If they say yes, or come back with a number between theirs and yours: you just made thousands of dollars in thirty seconds. If they say no: you are exactly where you were before you asked.

Situation 2: Annual performance review

Come in with one specific number - not a range. Ranges signal uncertainty and your manager will anchor to the bottom of them. One number, one reason. Either a market rate comparison, a specific achievement from the year, or both. Keep it short.

The Ask

"Based on what I've delivered this year and where the market sits for this role, I'd like to discuss moving my salary to [X]. Can we make that happen?"

Ask it as a question. Questions invite a response. Statements invite deflection. "Can we make that happen?" requires an answer - yes, no, or a counter. All three are more useful than a vague "we'll see."

Situation 3: Long tenure, no raise

The most common situation and the one people avoid longest. The longer you wait, the wider the gap between what you are paid and what the market pays. Waiting does not make this conversation easier. It makes the number you need to close bigger.

The Ask

"I haven't raised this in a while and I want to address it directly. Based on my tenure and what comparable roles pay right now, I think [X] is the right number. Is that something we can work toward?"

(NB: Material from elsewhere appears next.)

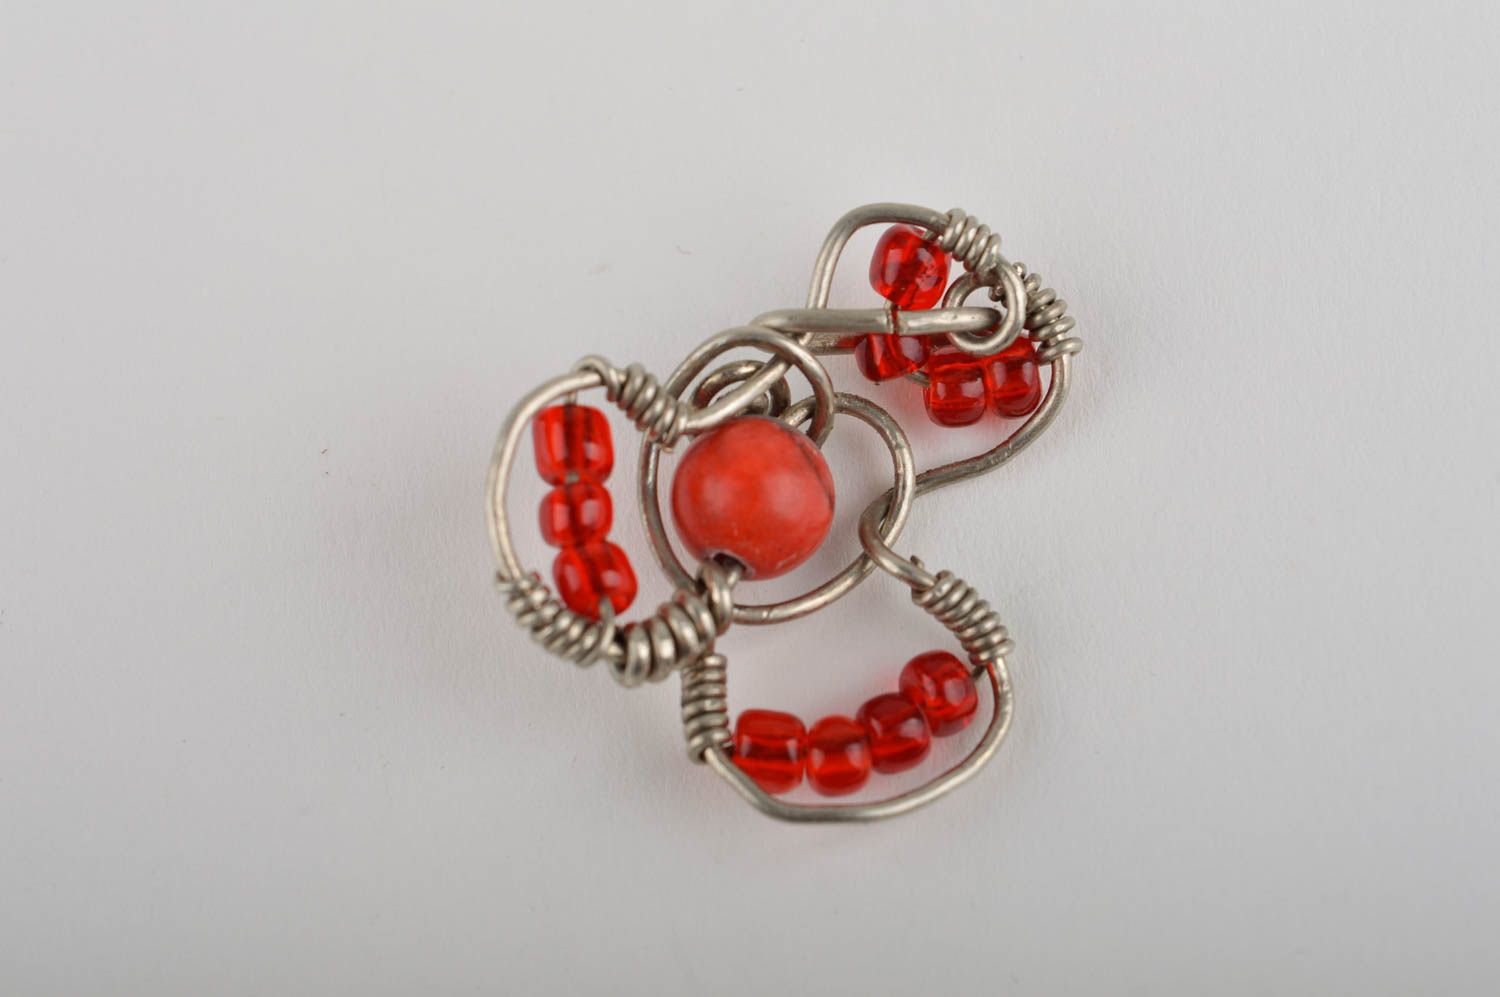 Gemstone necklace metal pendant necklace fashion jewelry designer accessories photo 3

Frame it as a conversation, not an ultimatum. "Is that something we can work toward?" gives them a path to yes - whether that's an immediate adjustment, a timeline, or a plan. You are not backing them into a corner. You are opening a door.

Rules that apply to all three situations:

- Research the number before you walk in. You need a real market figure, not a hope.

- Ask for a specific number, not a range.

- One reason is enough. More reasons signal insecurity.

- Do not apologize for asking.

- Do not fill the silence after the ask.


💸 What to Do With the Raise Before Lifestyle Creep Takes It

Here is the question almost nobody asks in the moment the raise comes through: what actually happens to the difference?

Most people absorb the extra income into spending within 90 days without making a single conscious decision to do so. The groceries get a little nicer. The restaurant budget drifts up. A few subscriptions that seemed reasonable. None of it dramatic - just the life expanding quietly to meet the new number. The move that prevents this is simple and the timing matters: before the first new paycheck lands, decide what percentage of the increase goes directly to savings or investment and automate it. Not after you see the number in your account. Before. The lifestyle adjustment happens with whatever is left, not with the whole raise.



✅ Money Moves to Make This Week

🎯 Action 1: Research your market rate (20 minutes)

Open Glassdoor and LinkedIn Salary. Search your job title, your city, your experience level. Find the range the market is paying and identify where you sit within it. If you are below the midpoint for your role and tenure, you have a number to work with. Write it down.

🎯 Action 2: Identify which situation applies to you right now (5 minutes)

New offer, upcoming review, or long tenure without a raise. Pick the script that fits. Read it out loud once. It will feel less strange than you expect. If a conversation is coming up in the next 30 days, decide now that you are going to have it.

🎯 Action 3: Decide what the raise does before it arrives (10 minutes)

If you already have a raise coming or expect one soon: decide right now what percentage goes to savings or investment before the first new paycheck lands. Set up the automatic transfer before you see the number. The lifestyle adjustment happens with what is left.


💬 Fund(amental) Quote of the Week

"A raise is never given. It is taken - politely, with data, and without apology."

Politely: you have the scripts. With data: you have the research. Without apology: that part is on you. The conversation is ready when you are.